■ What this task involves
Write out the data word for word and omit every picture.

■ Listed entries

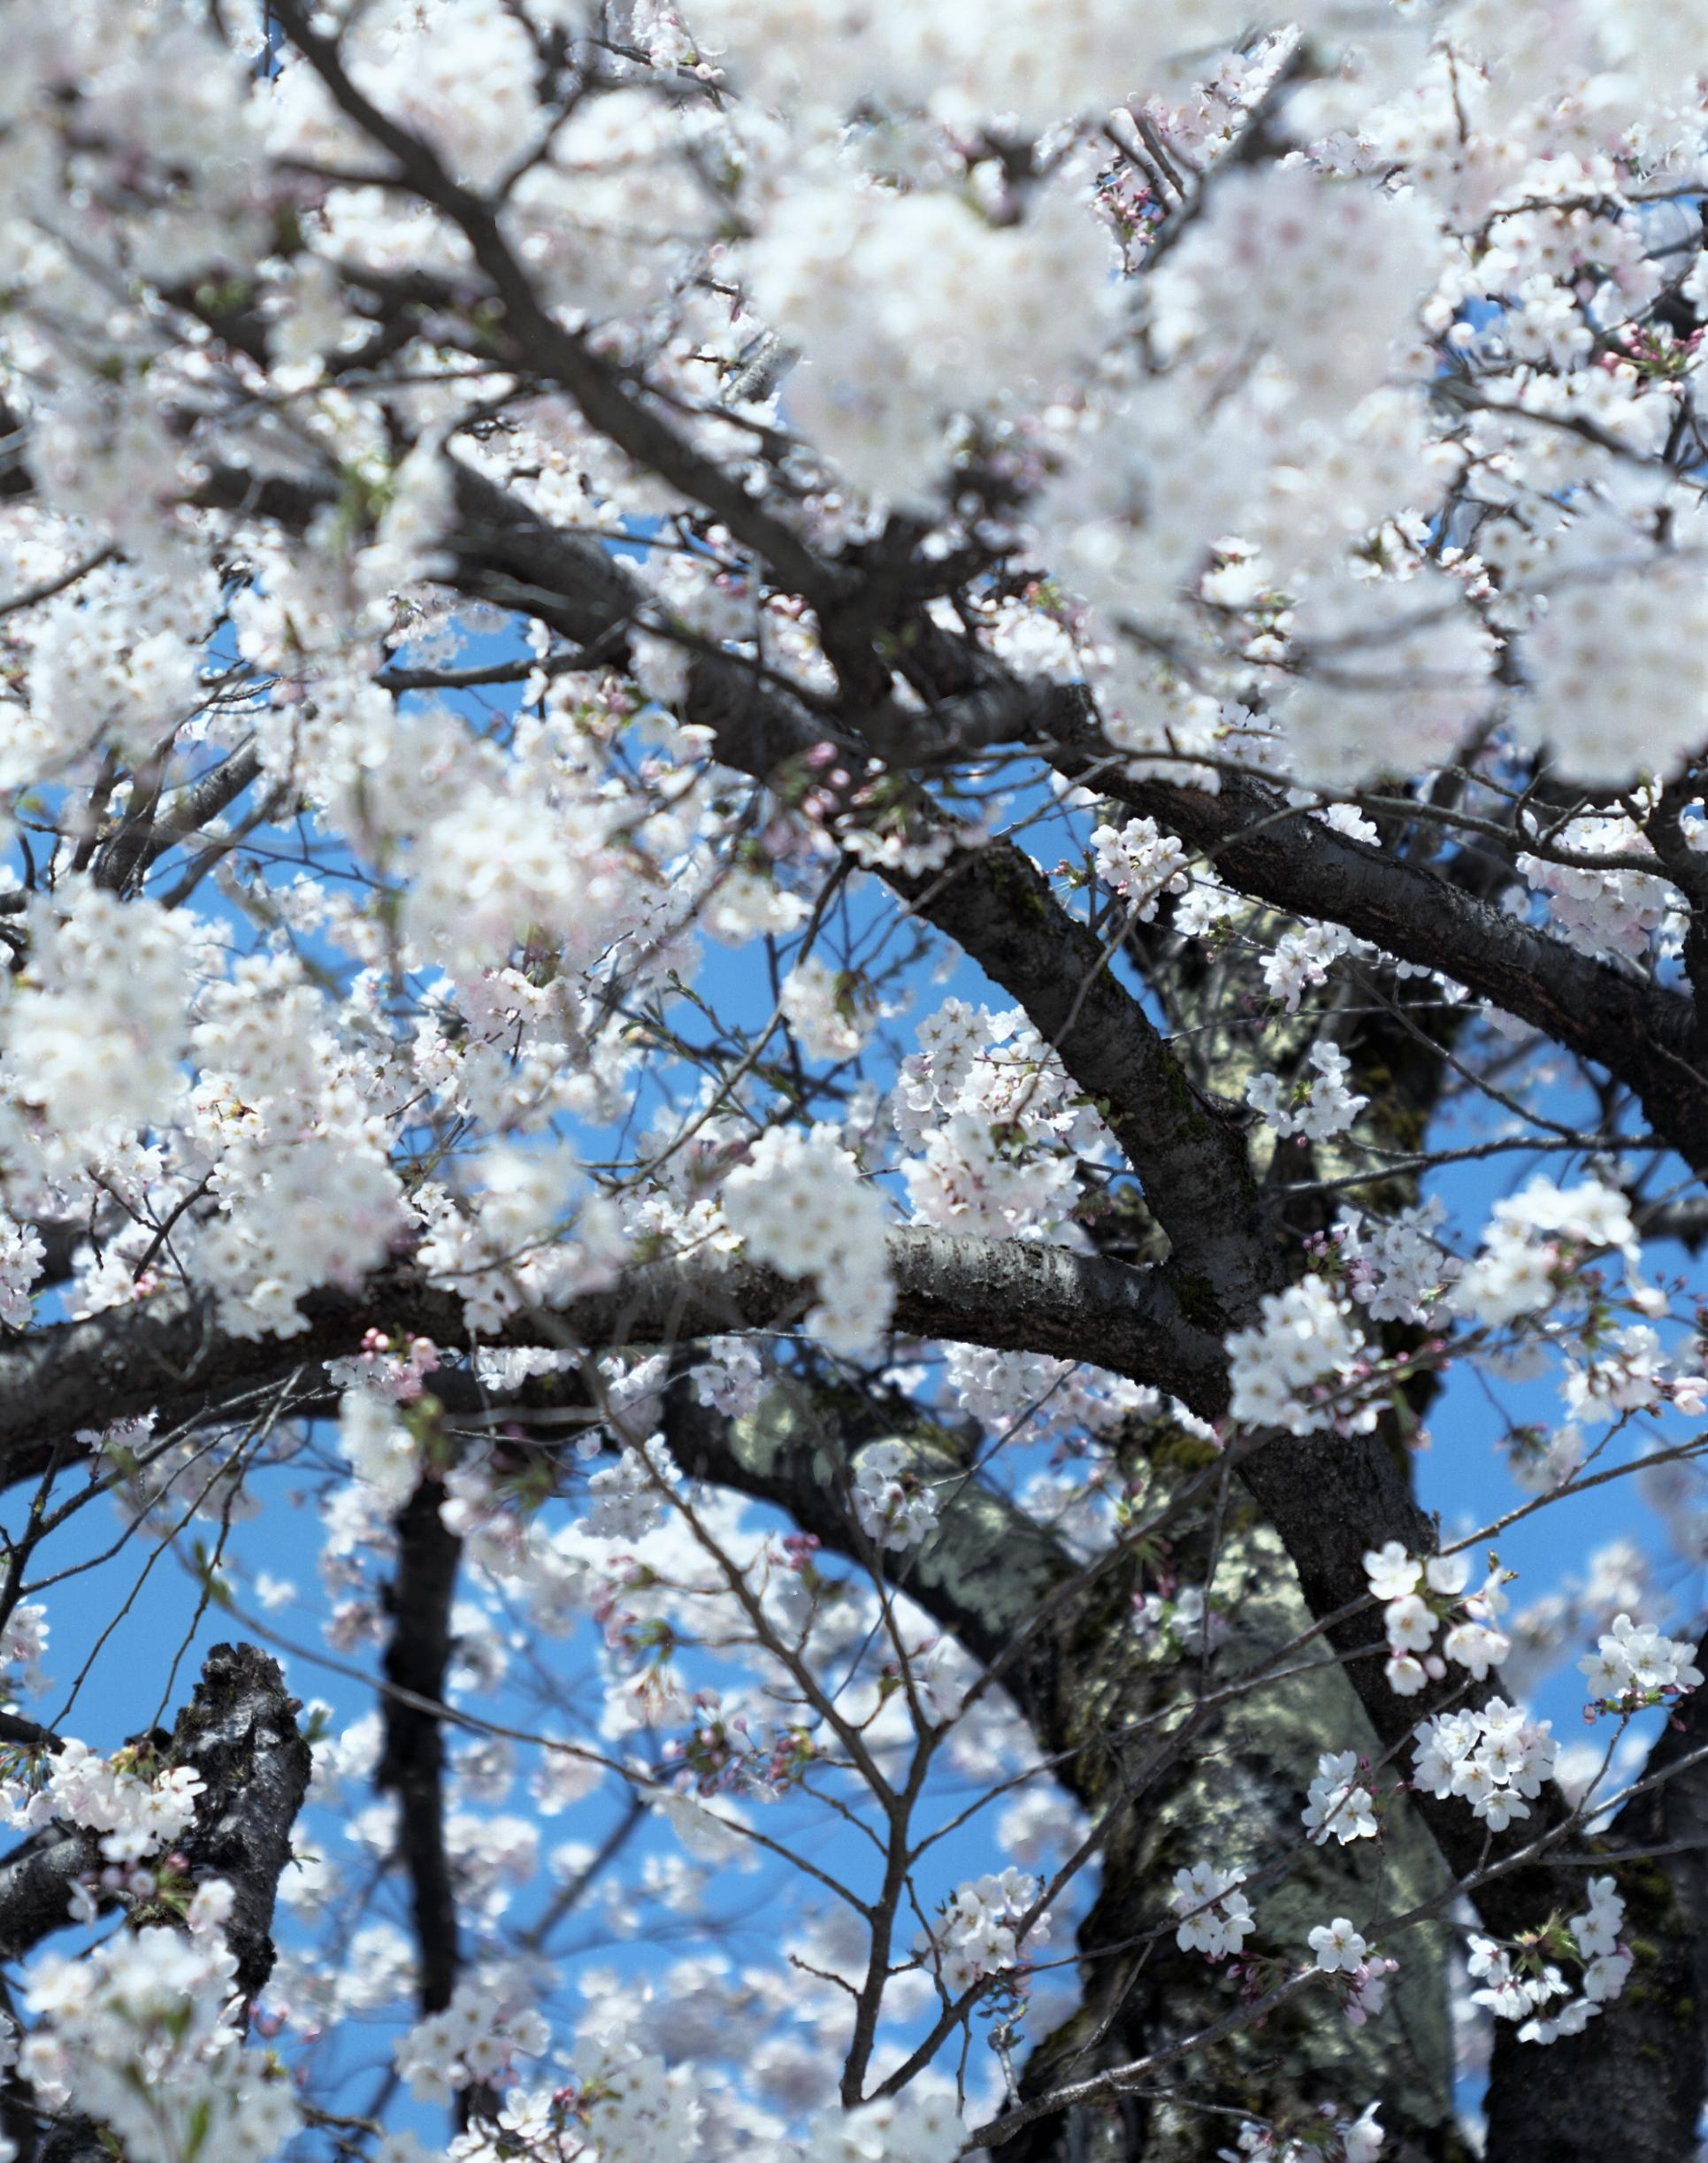 RISAKU SUZUKI (*1963, Japan)
SAKURA 15,4-66
2015
Chromogenic print
Sheet 75 x 60 cm (29 1/2 x 23 5/8 in.)
Edition of 5; Ed. no. 1/10
Framed

The Sakura (Japanese term for ‘cherry blossoms’) Celebration commences in early spring and has inspired

■ Answer space
 RISAKU SUZUKI (*1963, Japan)
SAKURA 15,4-66
2015
Chromogenic print
Sheet 75 x 60 cm (29 1/2 x 23 5/8 in.)
Edition of 5; Ed. no. 1/10
Framed

The Sakura (Japanese term for ‘cherry blossoms’) Celebration commences in early spring and has inspired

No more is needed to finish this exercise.